Source records
*** Block opens ***
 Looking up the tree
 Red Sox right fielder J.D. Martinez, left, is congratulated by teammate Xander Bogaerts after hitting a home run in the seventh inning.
*** Block closes ***
*** Block opens ***
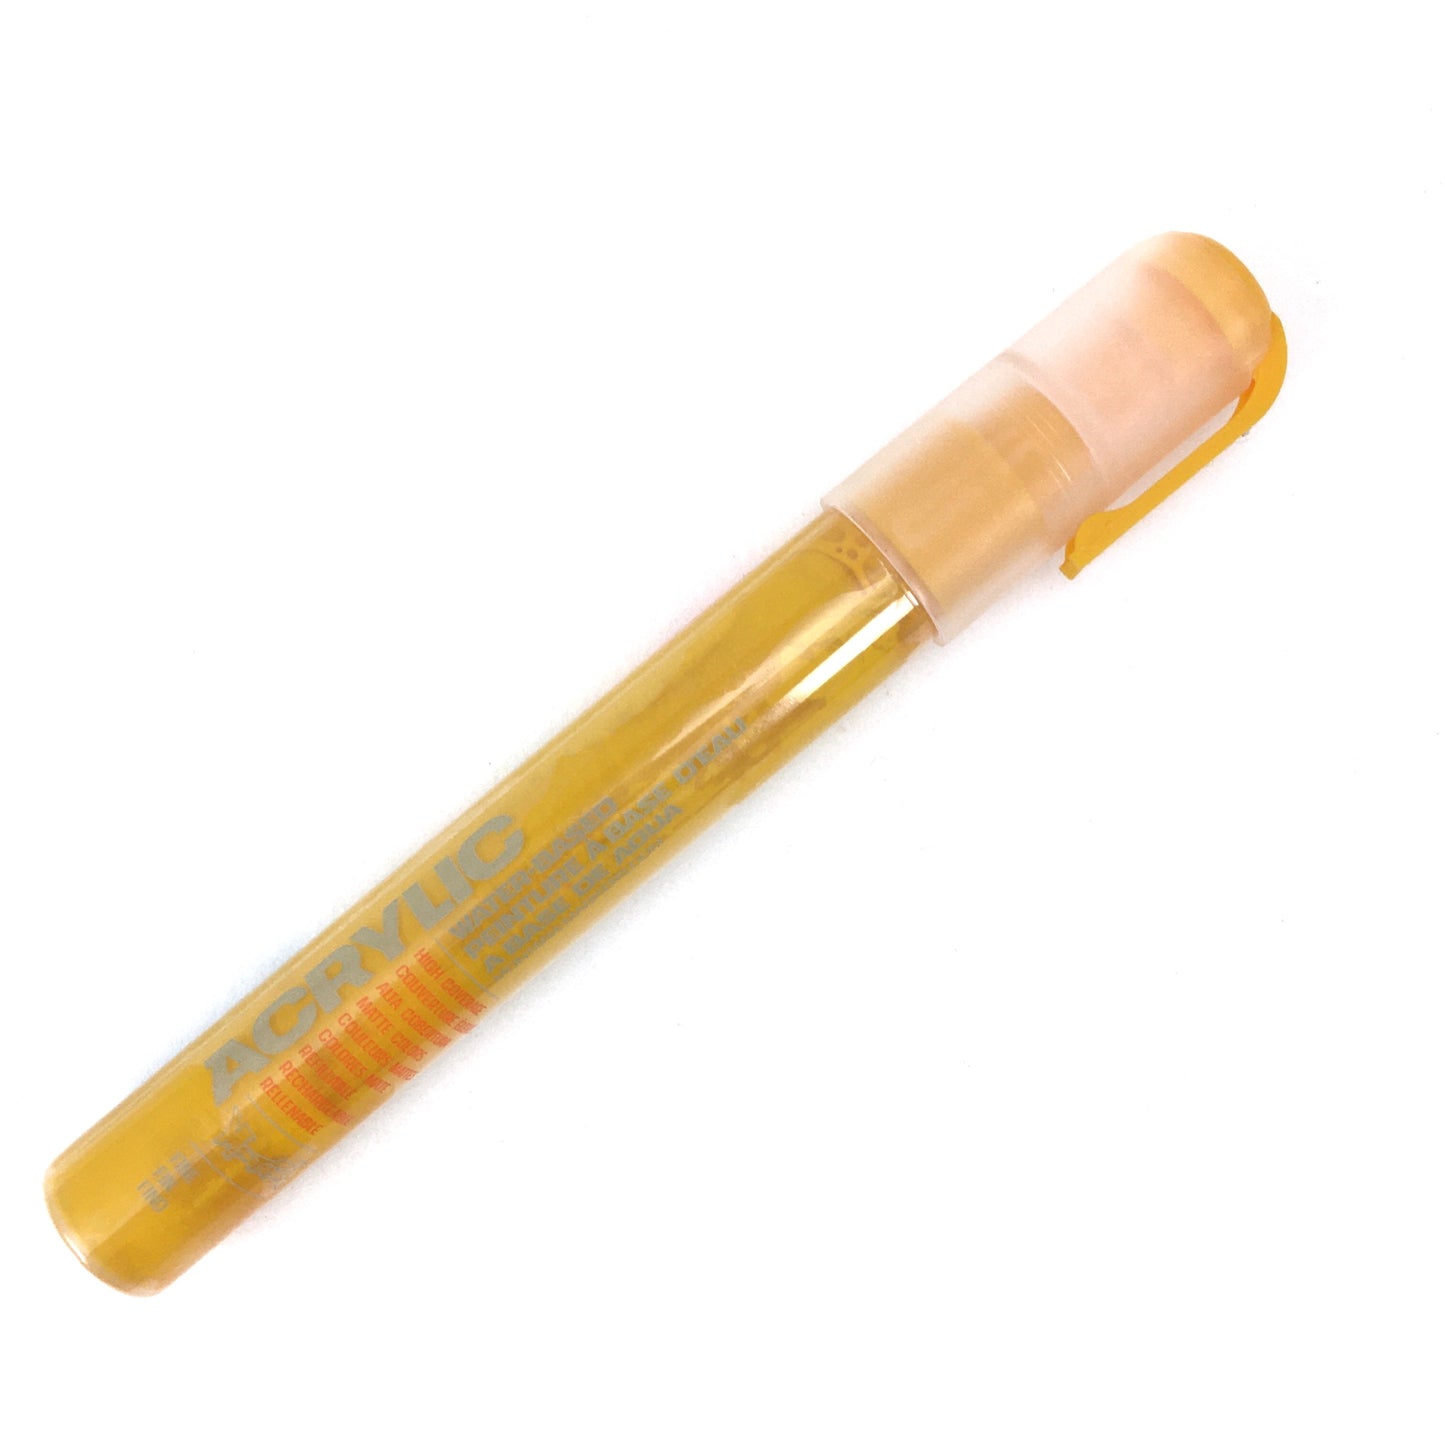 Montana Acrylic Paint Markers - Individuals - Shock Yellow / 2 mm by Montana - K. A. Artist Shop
*** Block closes ***
To do
From the material above, set down exactly the lines starting at the one with "Looking up the tree" and ending at the one with "Red Sox right", end lines included.

Exercise output
 Looking up the tree
 Red Sox right fielder J.D. Martinez, left, is congratulated by teammate Xander Bogaerts after hitting a home run in the seventh inning.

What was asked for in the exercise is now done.